Keras makes implementing lasso regression with neural network models straightforward. The regularizers package in Keras has a method that we can call, named l1, in the layers of our neural network. This will apply penalty terms to the weights in the layers which will help prevent overfitting.

Typically, lasso regression sends insignificant feature weights to zero, allowing the model to include the most important features for making accurate predictions. Let’s import the regularizer package from Keras:

from tensorflow.keras import regularizers

Next, let’s define a new model object, which we will call model_lasso.

model_lasso = Sequential()

In the input layer, we will pass in a value for the kernel_regularizer using the l1 method from the regularizers package:

model_lasso.add(Dense(len(cols),input_shape=(len(cols),), 
kernel_initializer='normal', activation='relu', kernel_regularizer = 
regularizers.l1(1e-6)))

The next few lines of code are identical to our initial neural network model. The only difference is we are work with the model object model_lasso, instead of model:

model_lasso.add(Dense(32, activation='relu'))
model_lasso.add(Dense(32, activation='relu'))
model_lasso.add(Dense(1, activation='sigmoid'))
model_lasso.compile(optimizer = 'adam',loss='binary_crossentropy', 
metrics =['accuracy'])
model_lasso.fit(X_train, y_train,epochs =20)

y_pred = model_lasso.predict(X_test)
y_pred = np.where(y_pred > 0.5, 1, 0)
print("Accuracy With Lasso: ", accuracy_score(y_pred, y_test))

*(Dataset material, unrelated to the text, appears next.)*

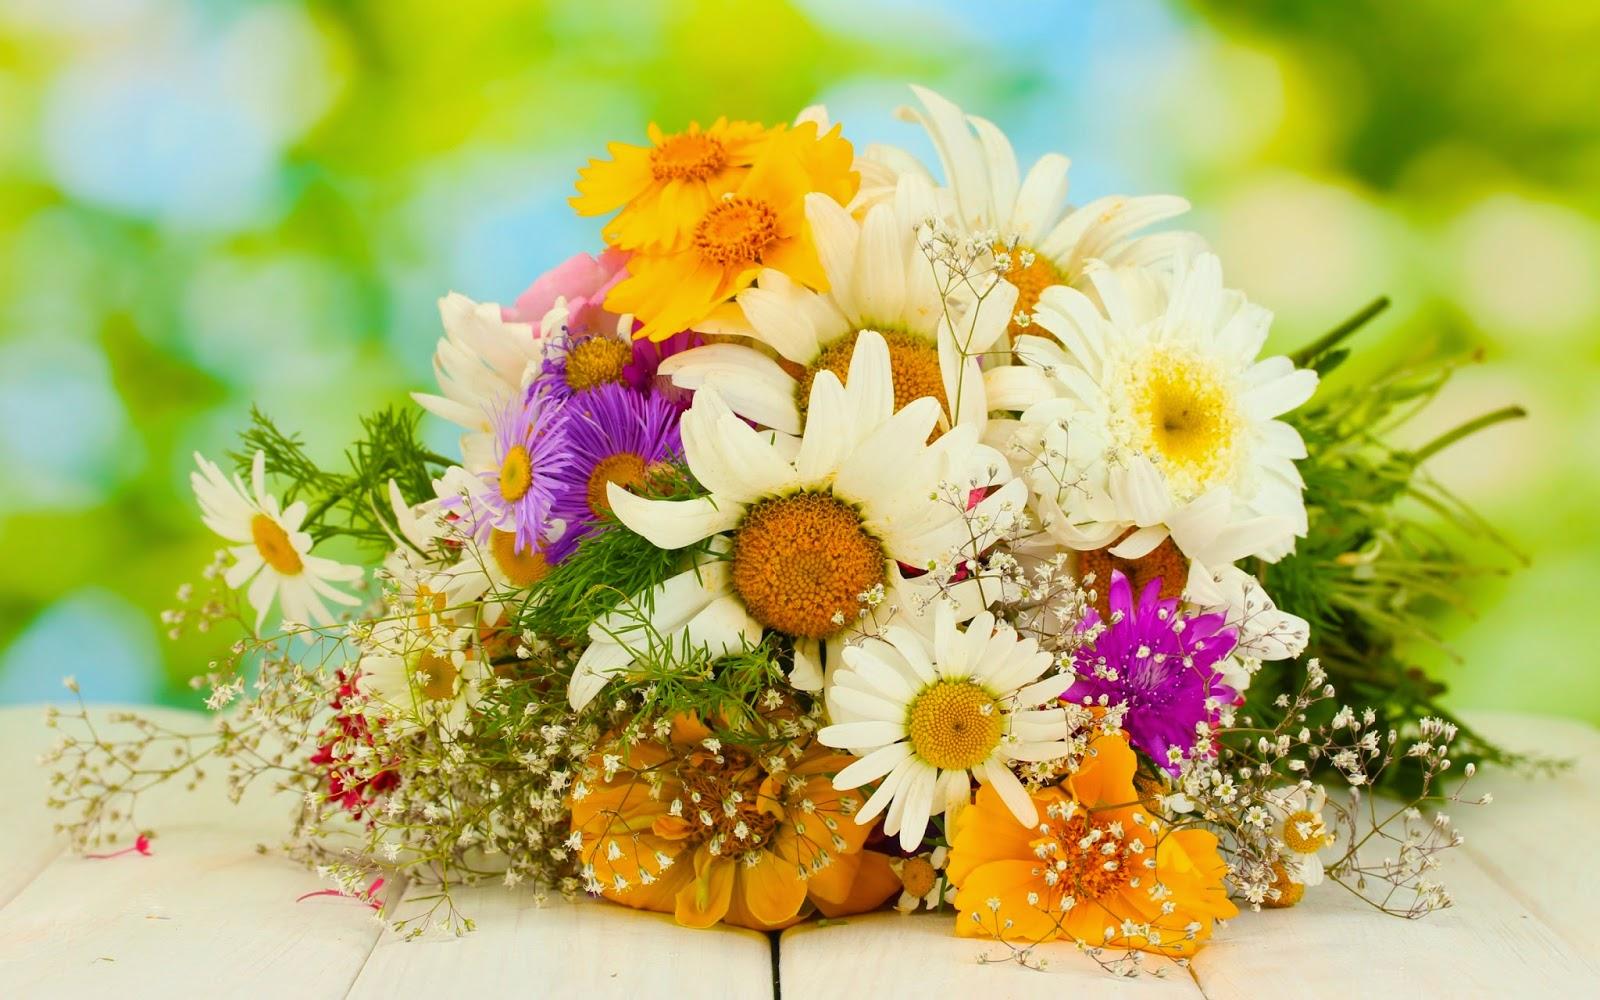 Día de la madre - Regala flores

Lasso regression is a great option if you have many features in your model that do not contribute positively to performance. For that reason, it’s useful as a feature selection tool.

Ridge Regression (L2)

Apply ridge regression to neural network models is also easy in Keras. Similar to the lasso method, we simply need to call a method name l2 in the layers of our neural network. The difference between lasso and ridge is that the former tends to discard insignificant values altogether, whereas ridge simply decreases the magnitude of the weights in our neural network across all features. Let’s define a new model object called model_ridge:

model_ridge = Sequential()

And in the input layer, we will use the l2 method:

model_ridge.add(Dense(len(cols),input_shape=(len(cols),), 
kernel_initializer='normal', activation='relu', kernel_regularizer = 
regularizers.l2(1e-6)))

The rest is similar to what we did above:

model_ridge.add(Dense(32, activation='relu'))
model_ridge.add(Dense(32, activation='relu'))
model_ridge.add(Dense(1, activation='sigmoid'))
model_ridge.compile(optimizer = 'adam',loss='binary_crossentropy', metrics =['accuracy'])
model_ridge.fit(X_train, y_train,epochs =20)

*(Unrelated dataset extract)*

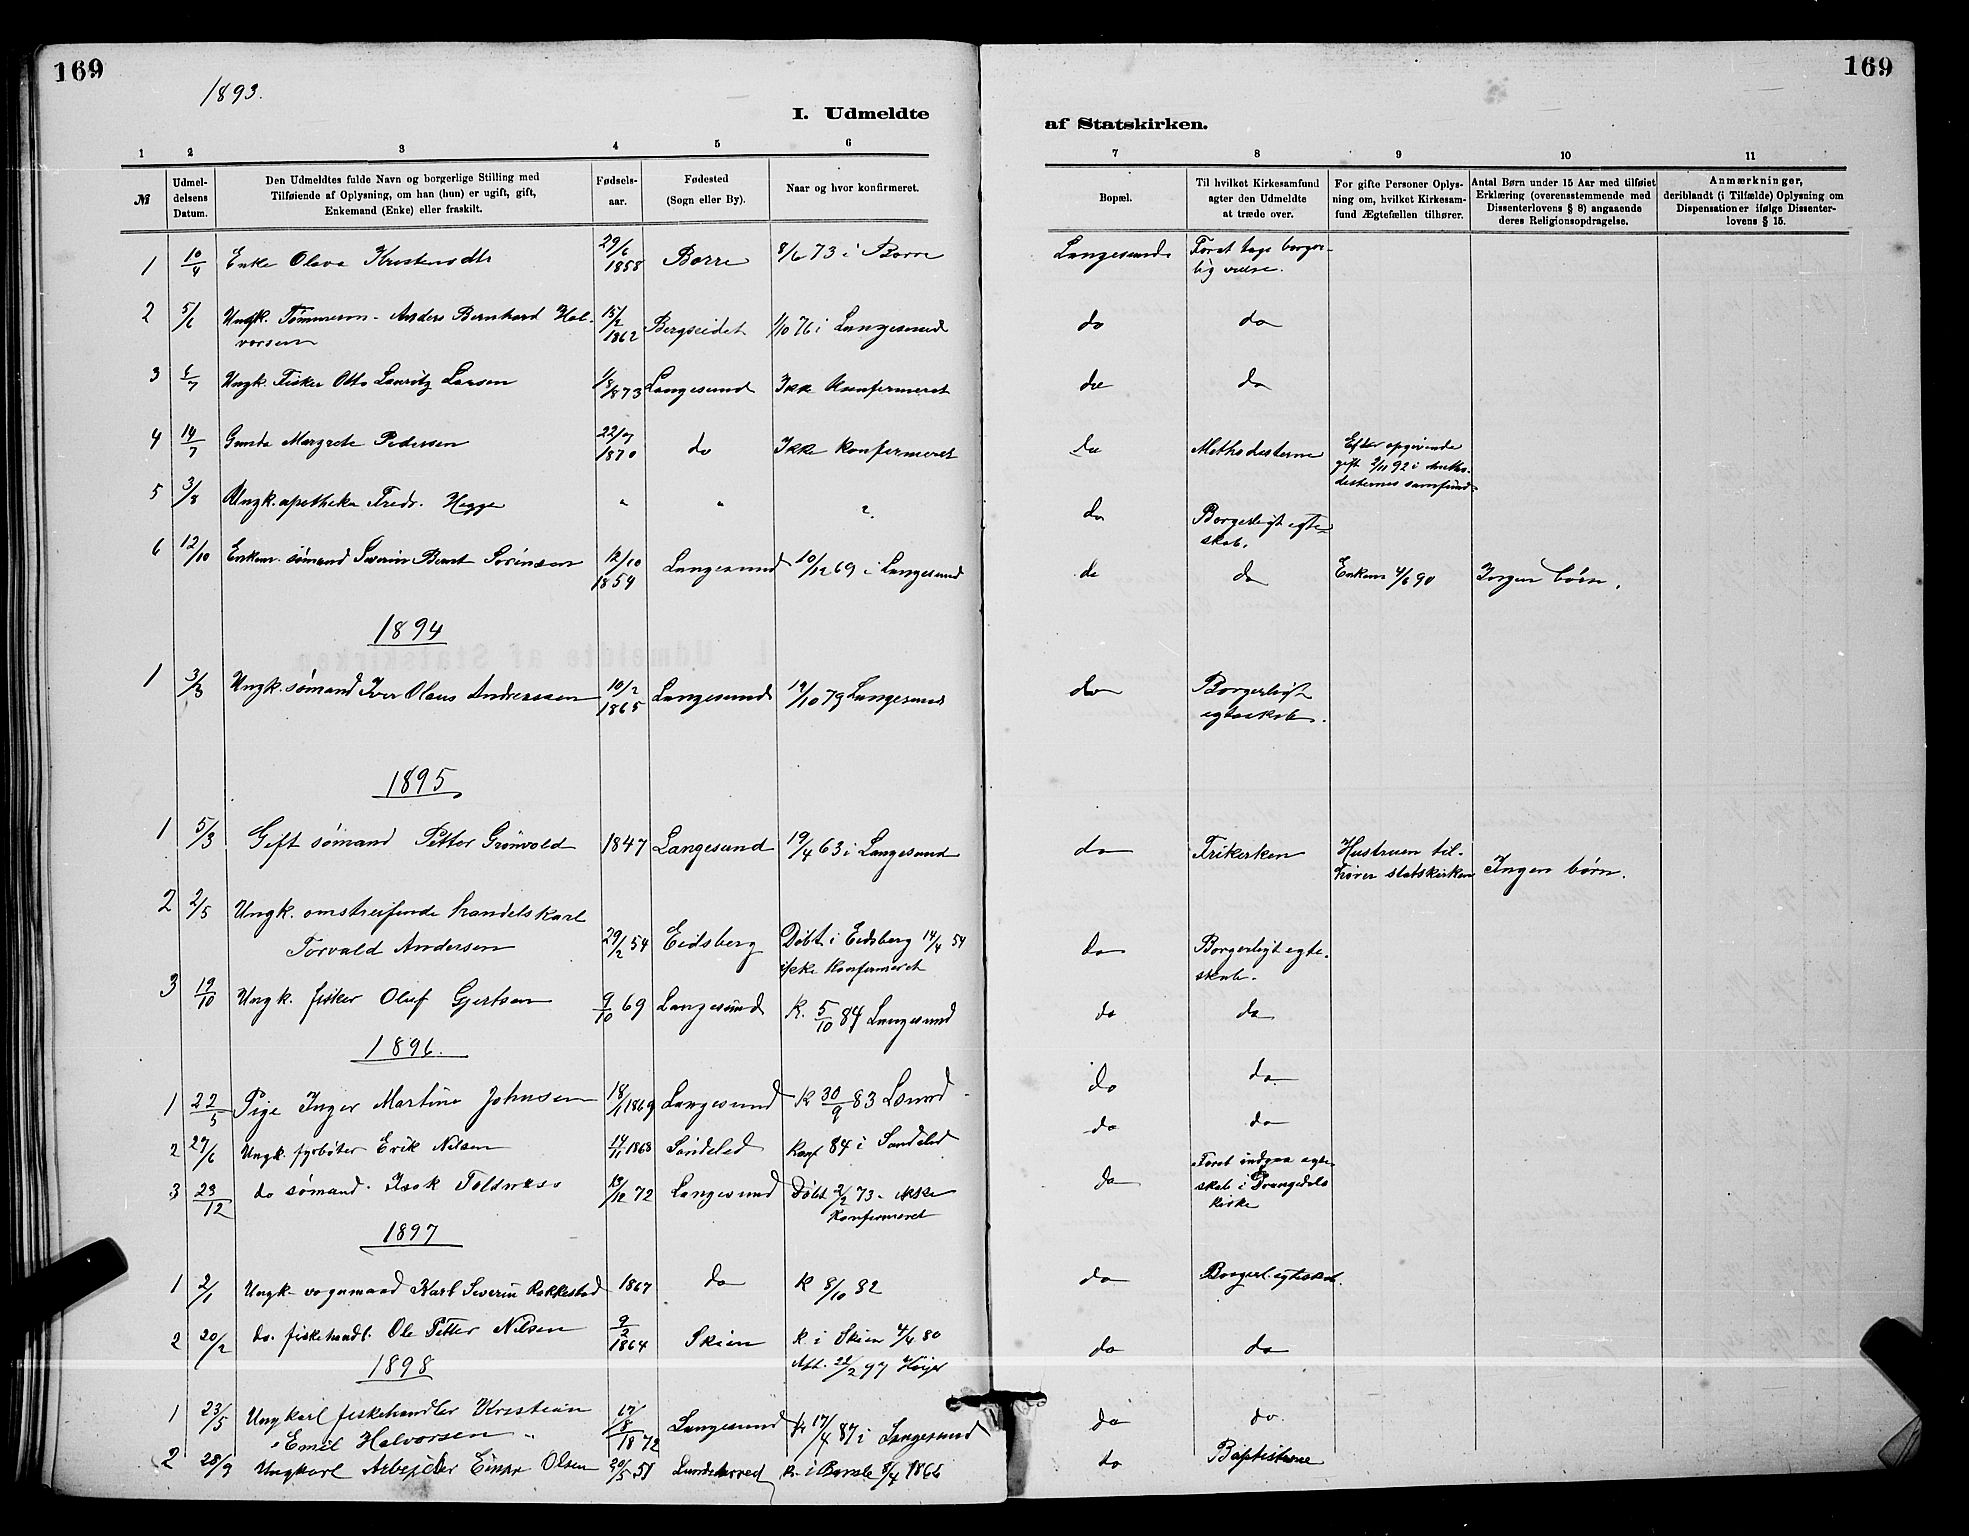 SAKO, Langesund kirkebøker, G/Ga/L0005: Klokkerbok nr. 5, 1884-1898, s. 169

y_pred = model_lasso.predict(X_test)
y_pred = np.where(y_pred > 0.5, 1, 0)
print("Accuracy With Ridge: ", accuracy_score(y_pred, y_test))

With ridge, the accuracy is slightly better than the first neural network we built as well as the neural network with lasso. Choosing the best regularization method to use depends on the use case. If using all of the input features in your model is important, ridge regression may be a better choice for regularization. This may be the case where certain features need to be kept for training our model.

For example, a weak feature may still be useful as a lever to a company.They may want to see how model predictions change as the value of the weak feature changes even if it does not strongly contribute to performance.

The code from this post is available on GitHub.

More in Data Science6 New Awesome Features in Python 3.10

Conclusions

Preventing models from overfitting is important for data science teams that use complex models like neural networks. Overfitting can have a significant impact on a company’s revenue if not taken into consideration. Models with many parameters, like neural networks, are especially prone to overfitting and can give researchers a false sense of good model performance.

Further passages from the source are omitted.